Experimental Design as a Framework for Multiple Realisation History Matching: F6 Further Development Studies

Alessio, Laurent Didier (Sarawak Shell Berhad) | Bourdon, Laurent Marc (Sarawak Shell Berhad) | Coca, Spencer (Sarawak Shell Berhad)

OnePetro 

History matching is traditionally complex and time-consuming: multiple parameters influence the match and their inter-dependency produces effects that are difficult to predict. Defining the match itself can be challenging, since various indexes or responses can be used: water breakthrough timing, pressures, layer contributions etc… Consequently, whilst multiple realisations methodologies are routinely applied for "green" field development planning, most of the time incremental activity screening on "brown" fields is done on a single matching realisation -"the" matched model - with little confidence that the full range of uncertainties is captured.

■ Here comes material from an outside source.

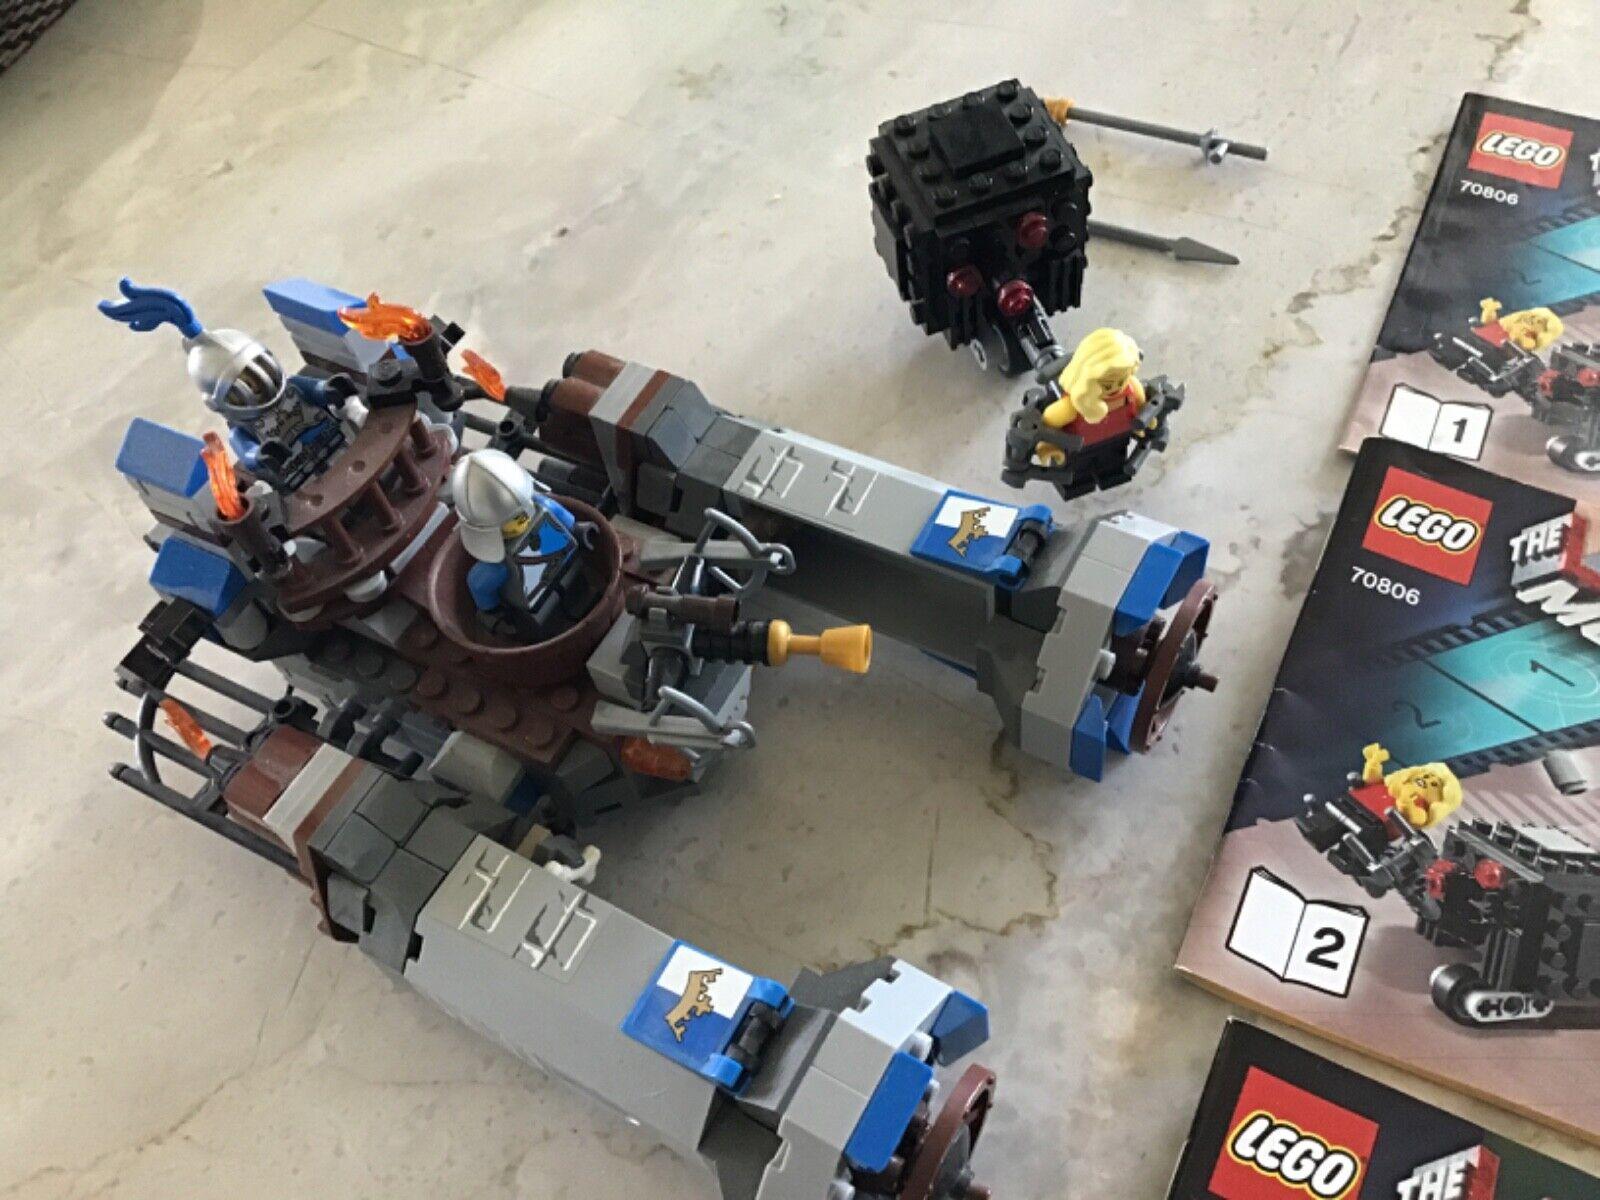 Lego The Lego Movie Castle Cavalry 70806 Retired Building Toy Set Lego

Experimental design provides a well-suited framework to tackle the challenge of multi-realisation history matching, following these key steps:

• Selection of key parameters with variance analysis,

• Reduction of dimensionality by creating hybrid parameters, using techniques related to principle component analysis,

• Predicting matching domains: combination of parameters levels (once discretised) that are likely to generate a match. This greatly helps the likelihood of finding multiple matching realisations, covering the range of parameter variation.

This methodology was successfully applied in the F6 subsurface studies, aimed at screening field redevelopment opportunities. F6 is the largest gas field in the Central Luconia carbonate province, offshore Sarawak (Borneo), having a GIIP of more than 7 Tscf. With over half the reserves produced, well capacity is now threatened by the rising aquifer. In order to safeguard and possibly increase the reserves, a field review was undertaken to identify further development opportunities, and a multi-realisation approach was chosen to capture the effect of key subsurface uncertainties on those activities.

A total of 28 matching realisations were generated, covering the variation range of the identified key seven parameters whilst optimising the number of runs performed, thus saving time. Key to the success of the method lies in the integration of disciplines to allow the upfront identification of parameters and their ranges.

The screening of redevelopment options against those realisations allowed to establish the range of expected incremental reserves, assess risks, and form a sound basis for business decisions.